Therapeutic Typo-logics
Key information
- Date
- Time
-
3:00 pm to 5:00 pm
- Venue
- SOAS, Main Building
- Room
- RB01
- Event type
- Event highlights & Seminar
About this event
Typologies present a conundrum for those interested in the pursuit of human flourishing.
On the one hand, the categorisation of people into flattened, reductive ‘types’ has been widely recognised as a source of injustice and psychic injury. On the other hand, it is hard to see how we could make sense of, let alone navigate, an infinitely complex social world without resorting to typification.

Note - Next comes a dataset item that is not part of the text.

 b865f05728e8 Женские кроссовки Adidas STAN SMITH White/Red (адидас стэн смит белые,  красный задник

In this seminar, I examine how this tension plays out on Indonesia’s hypnosis circuit, a milieu in which the practice of both therapeutic and prophylactic care involves the concerted deconstruction of ‘labels’ and ‘limiting beliefs’ in favour of embracing of subjects’ lived realities. Hypnotists’ projects of care can easily become compromised by the typologies taught within hypnopsychological discourse, as well as by those upon which the development of the hypnosis circuit has been predicated.

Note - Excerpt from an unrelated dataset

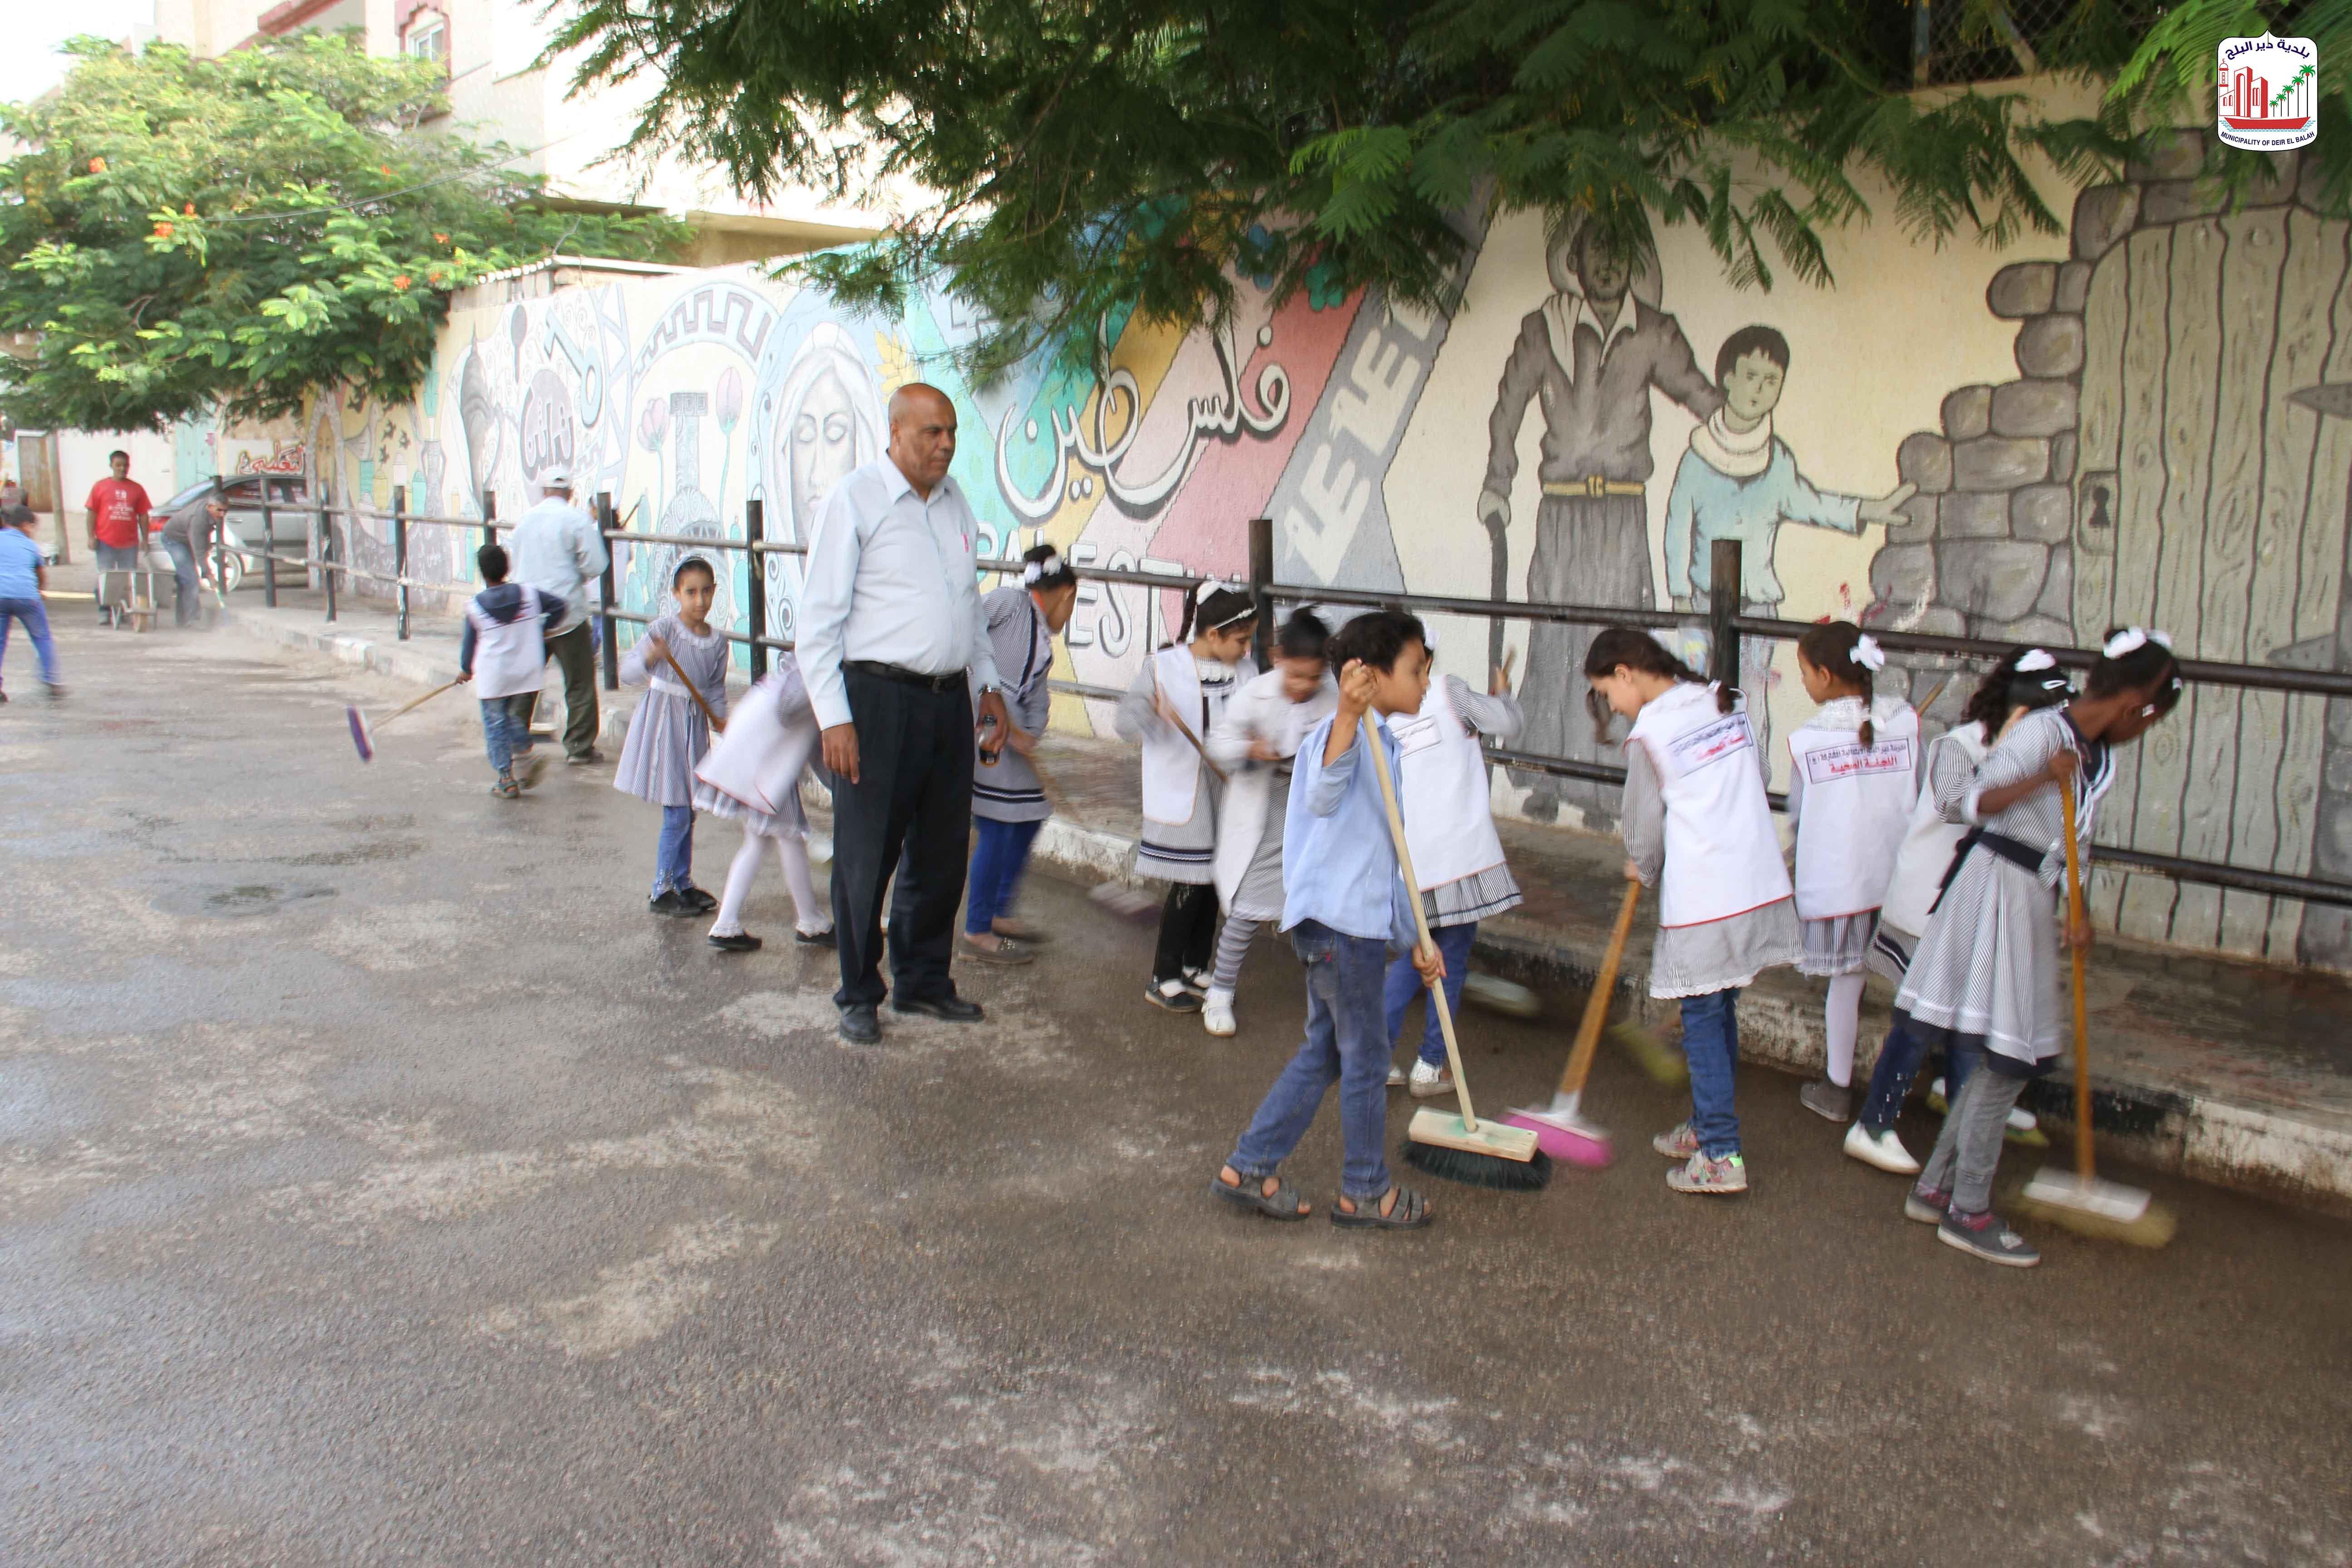 البلدية تنظيم حملة نظافة لشارع المزرعة بالتعاون مع مدرسة المزرعة

Nevertheless, the practice of hypnosis also illuminates how we can relate to typologies in less problematic ways that allow them to serve as conduits of connection and rapport. I examine the theoretical implications of such findings for an anthropology of types, and for the discipline’s own conflicted relationship to typological reason.
Registration
The event is free to attend, but external/non-SOAS visitors must register to attend.
Sponsor and organiser
The seminar series is funded by a grant from UKRI. SOAS launched its Centre for Anthropology and Mental Health Research in Action (CAMHRA) this year, as a centre that aims to foster collaborations between anthropology and mental health research and practice.
About the speaker
Dr Nicholas Long, London School of Economics and Political Science.